*Description of the task*.
Retype the listing exactly, minus its pictures.

*Data section*.
──────────────────────────────

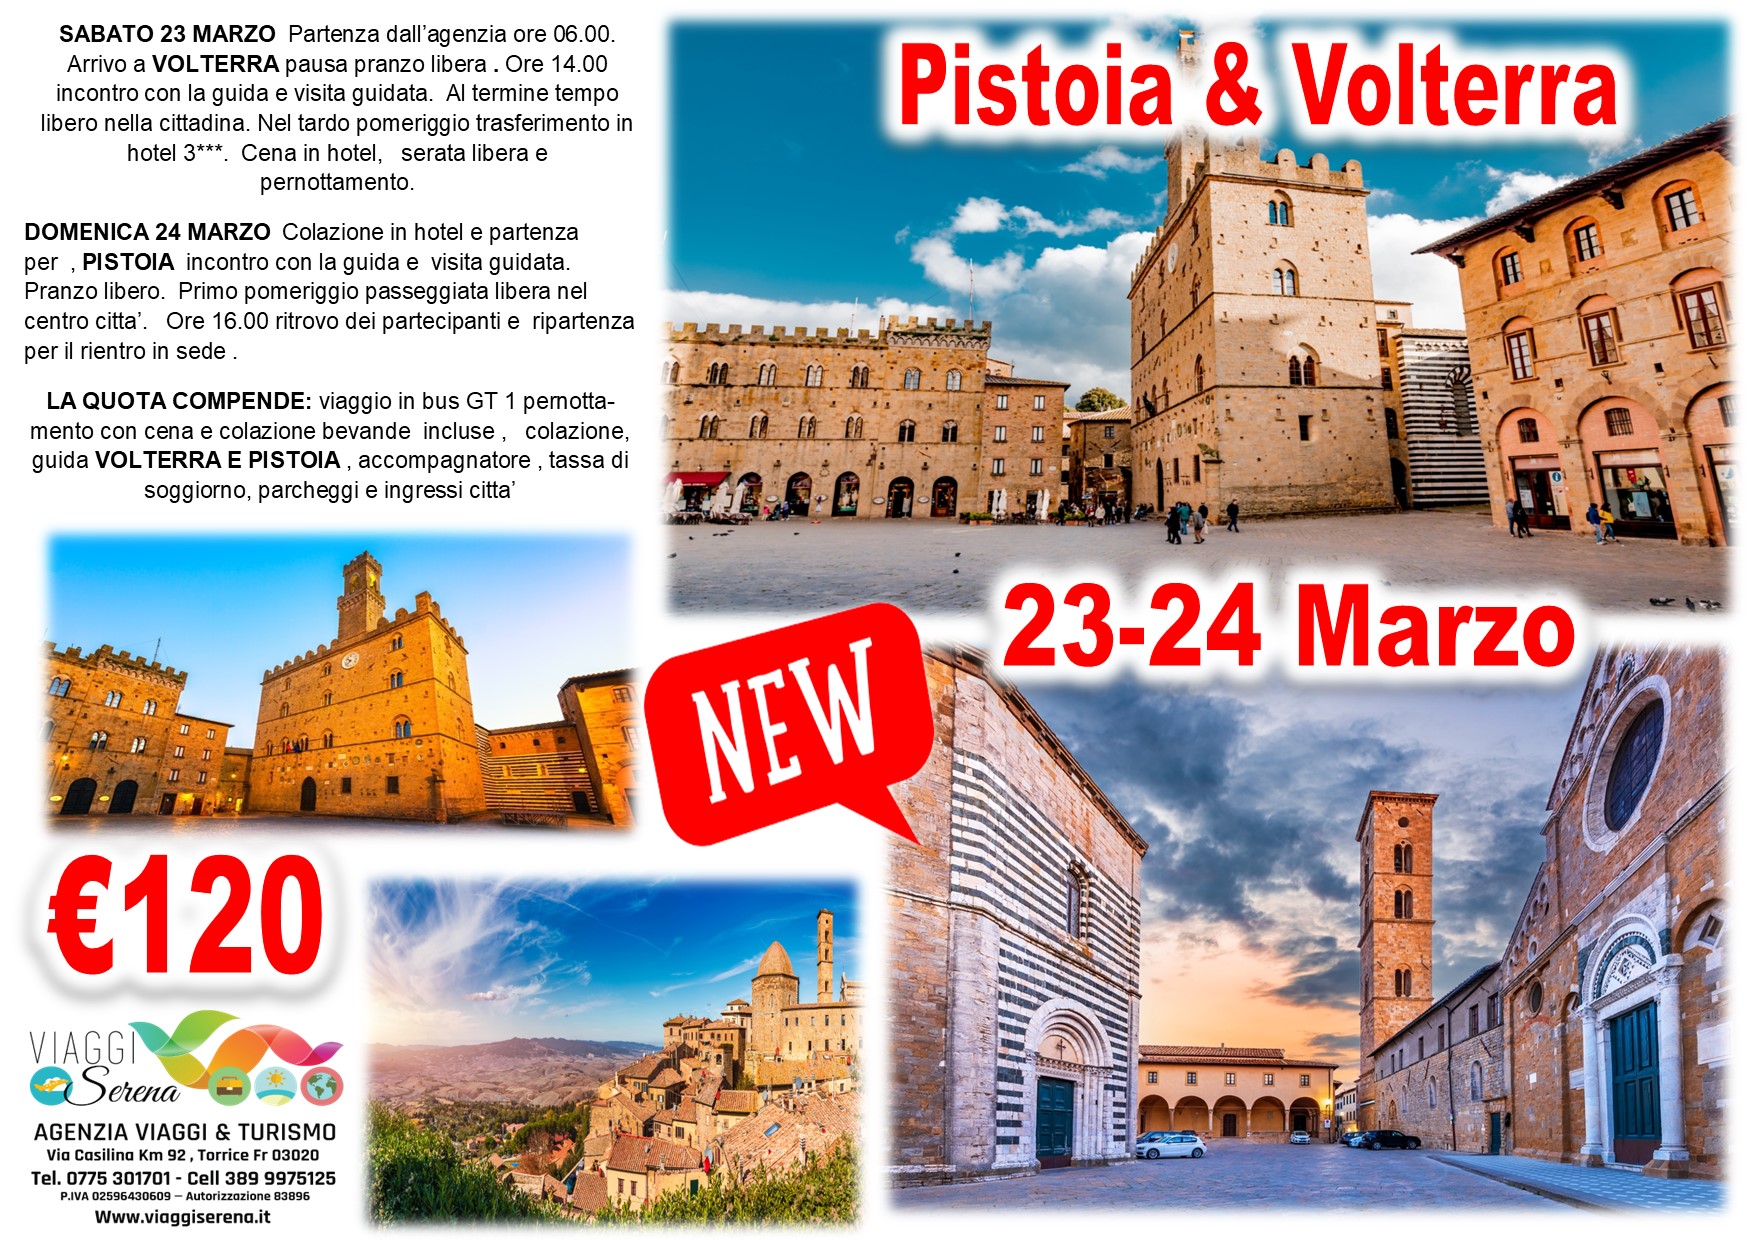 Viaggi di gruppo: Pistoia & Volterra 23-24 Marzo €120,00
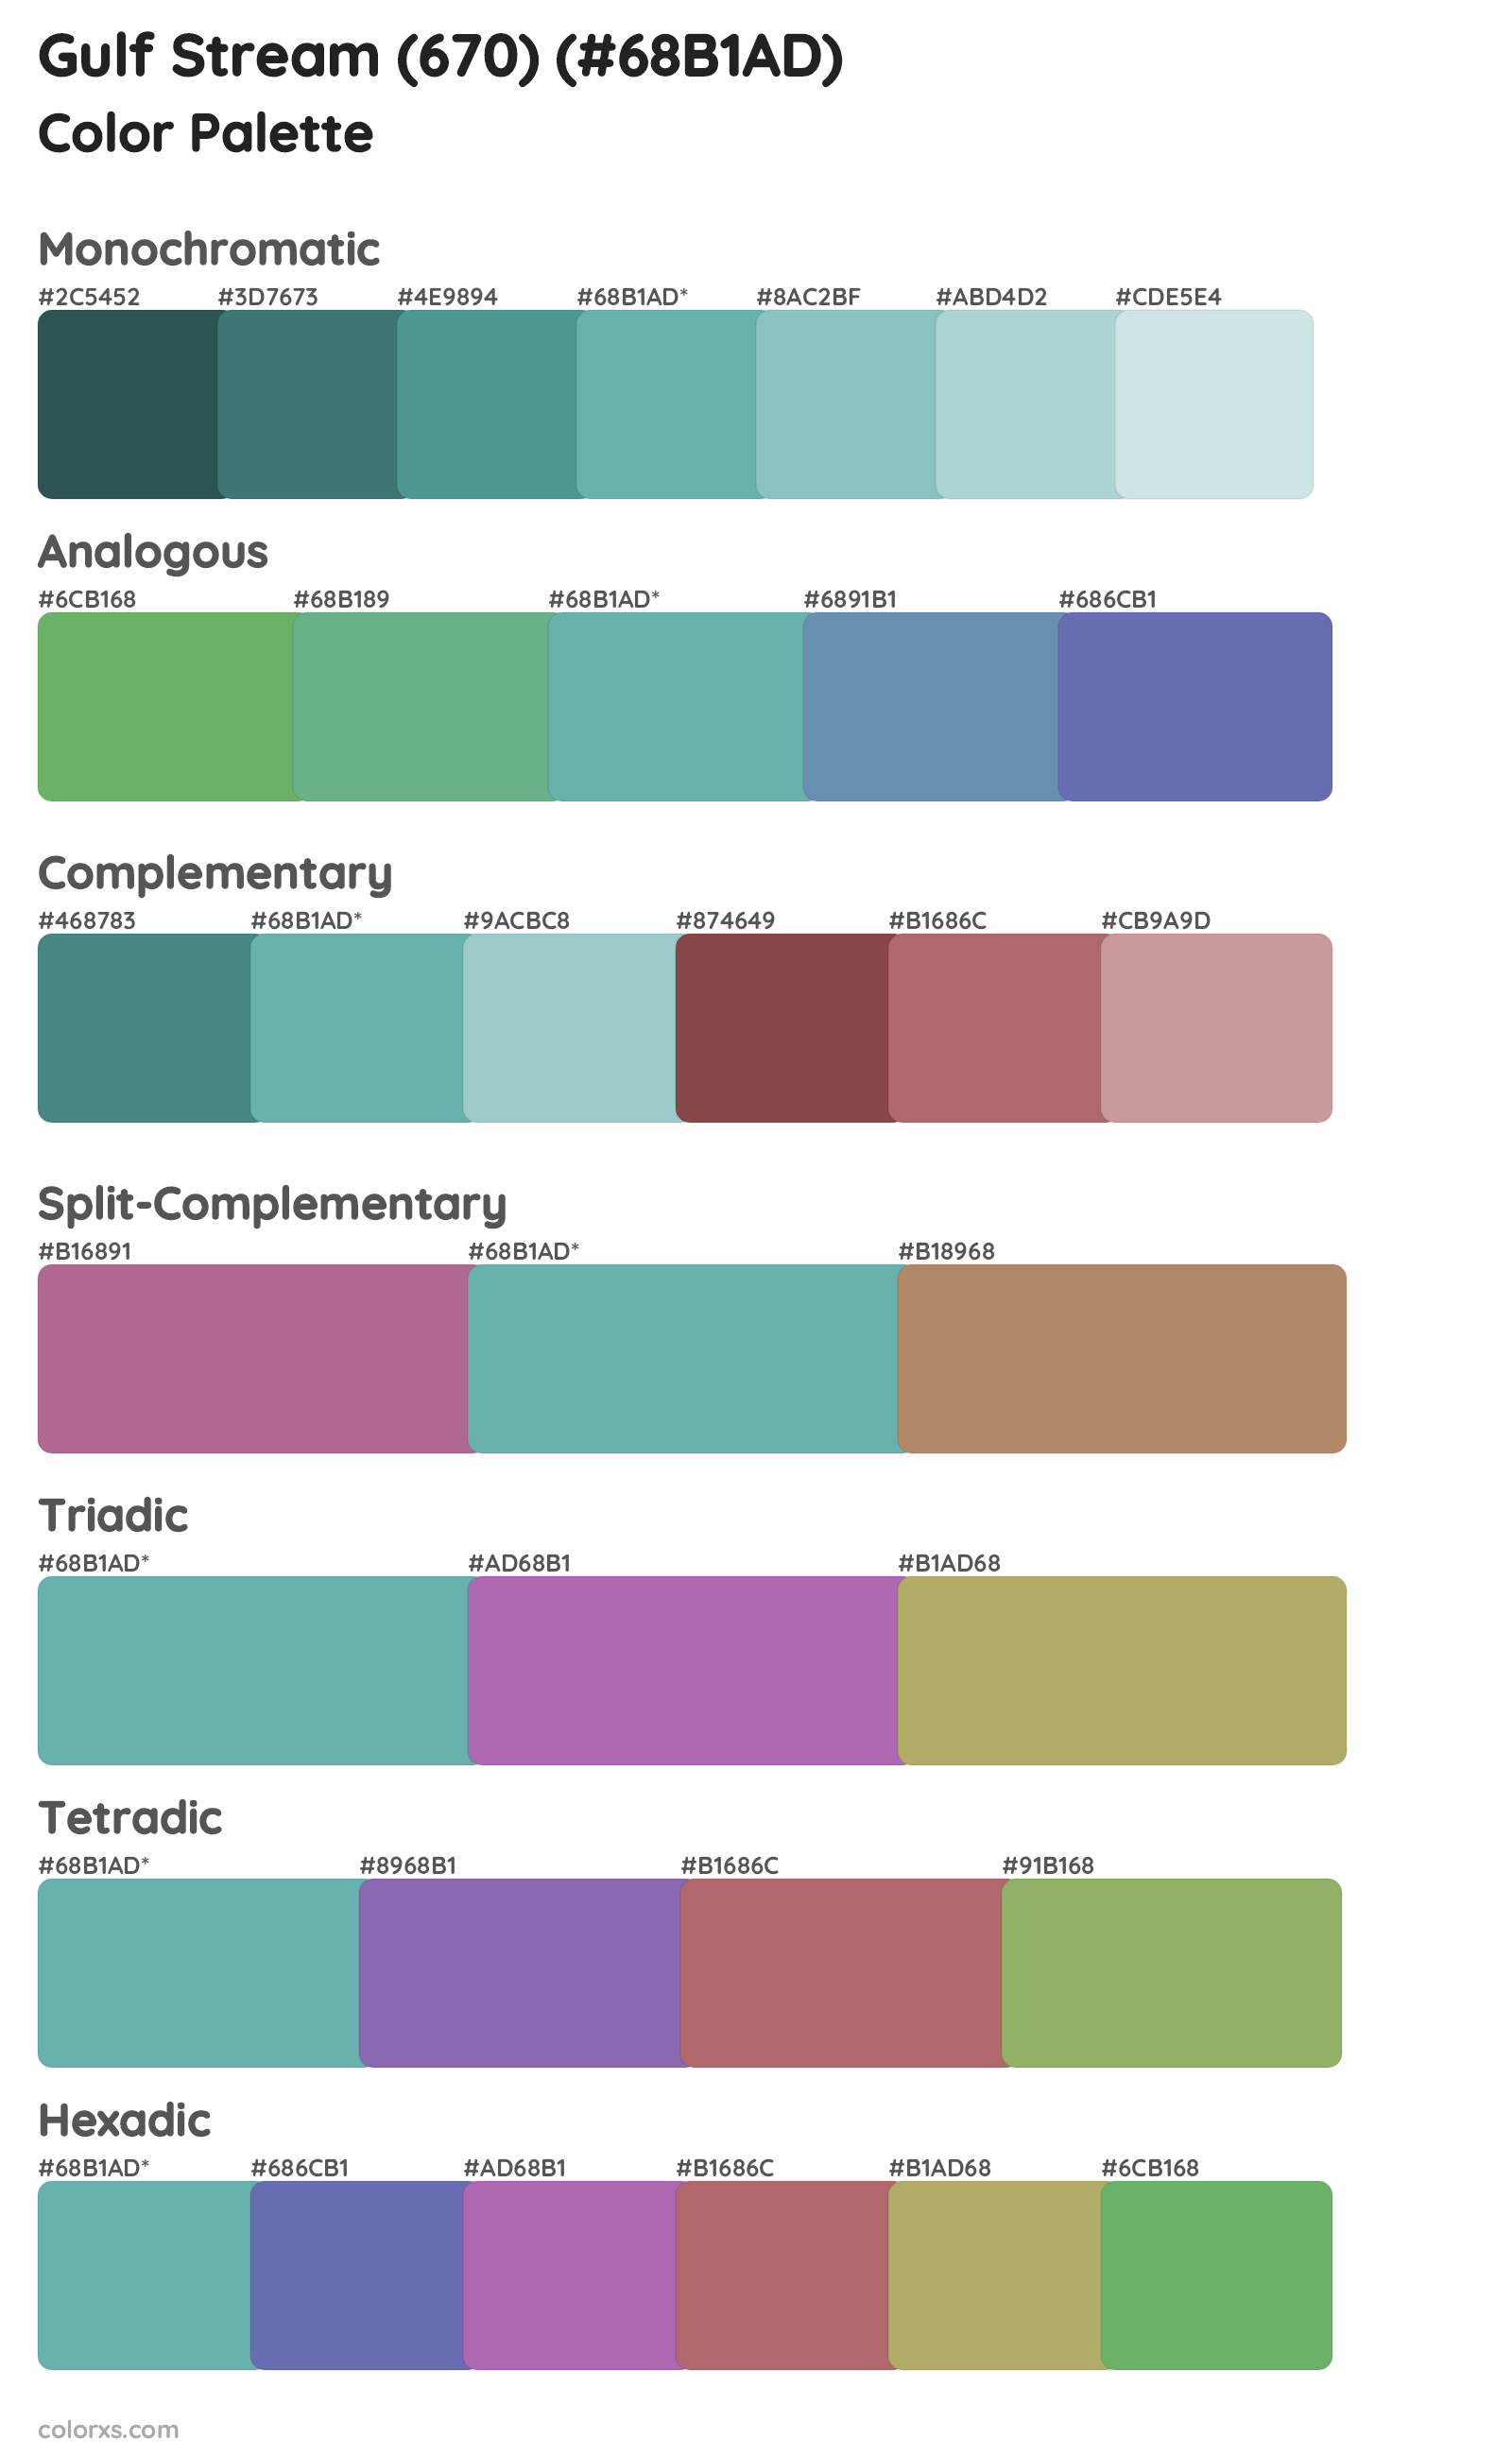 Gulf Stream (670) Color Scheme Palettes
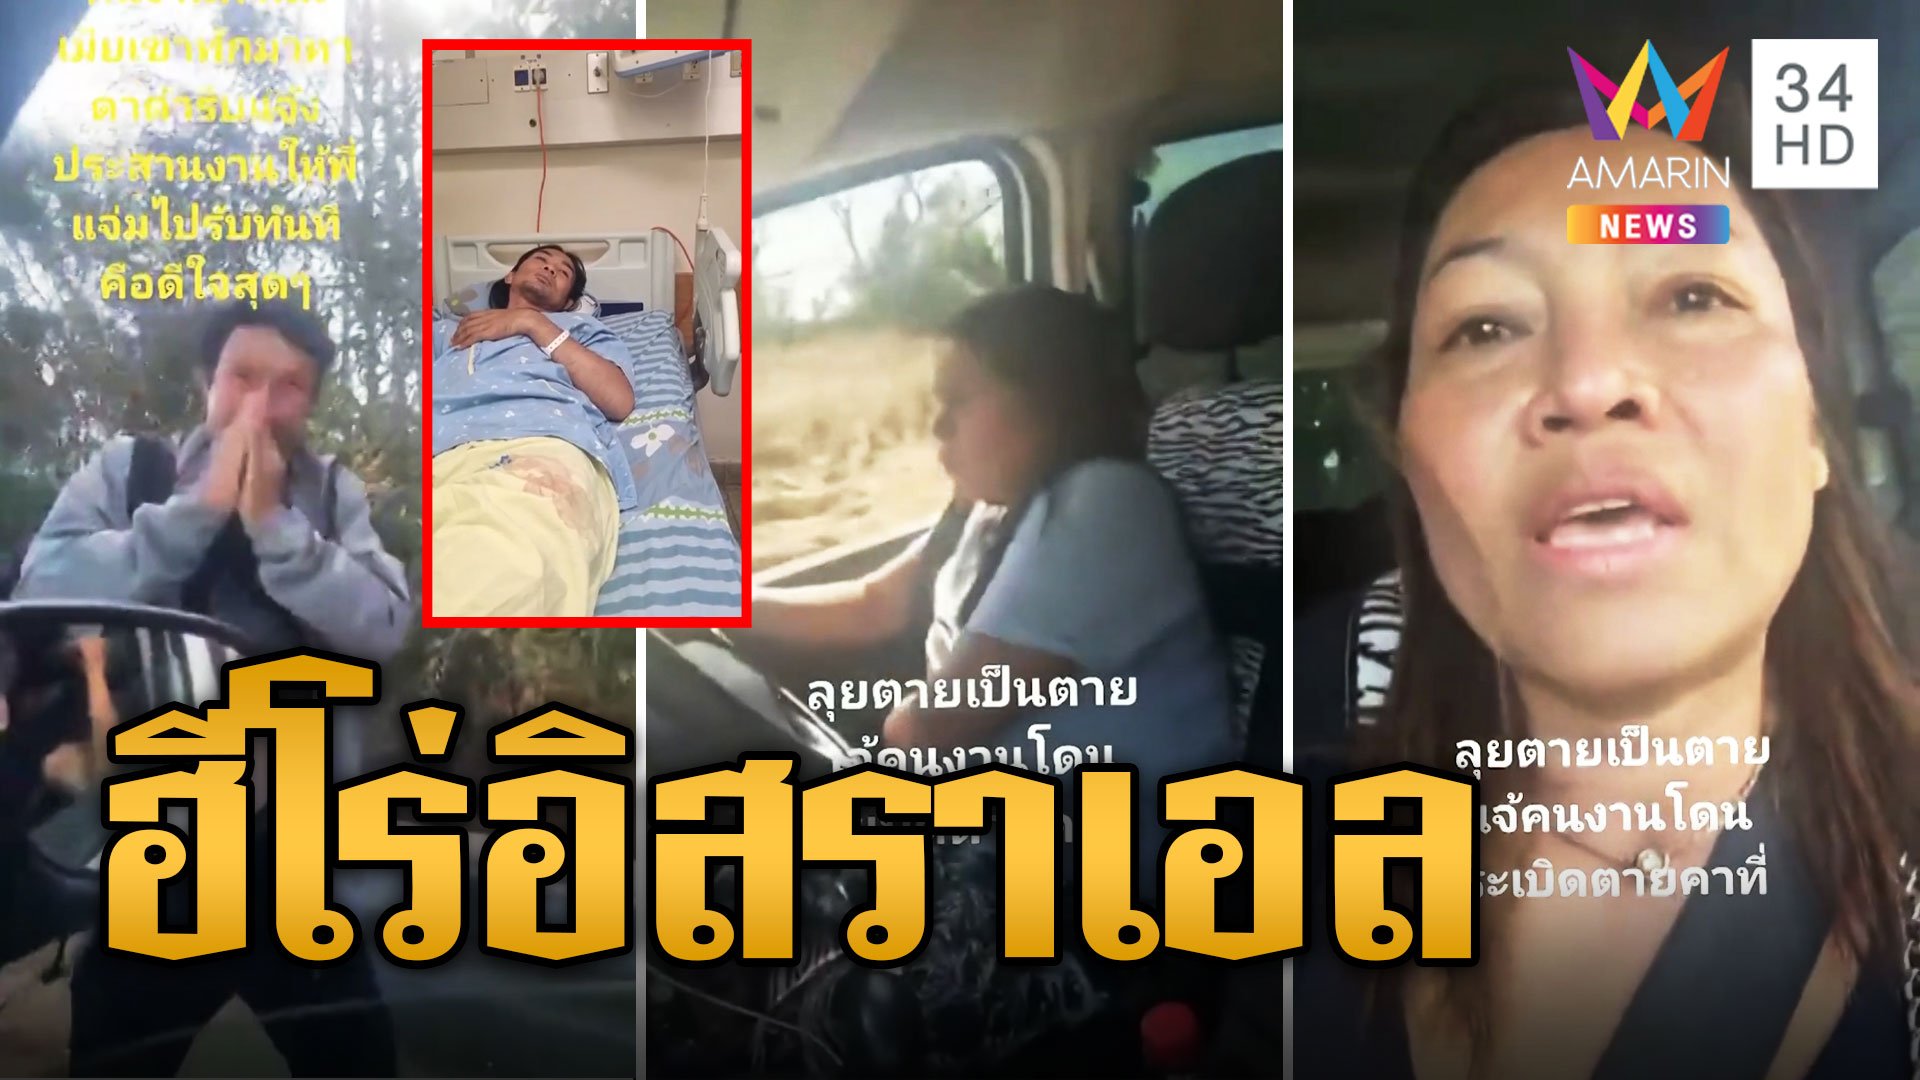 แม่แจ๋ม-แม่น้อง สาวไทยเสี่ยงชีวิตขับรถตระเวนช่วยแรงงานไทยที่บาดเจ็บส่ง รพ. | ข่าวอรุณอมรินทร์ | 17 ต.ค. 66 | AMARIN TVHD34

──────────────────────────────

*Worked solution*.
 Viaggi di gruppo: Pistoia & Volterra 23-24 Marzo €120,00
 Gulf Stream (670) Color Scheme Palettes
 แม่แจ๋ม-แม่น้อง สาวไทยเสี่ยงชีวิตขับรถตระเวนช่วยแรงงานไทยที่บาดเจ็บส่ง รพ. | ข่าวอรุณอมรินทร์ | 17 ต.ค. 66 | AMARIN TVHD34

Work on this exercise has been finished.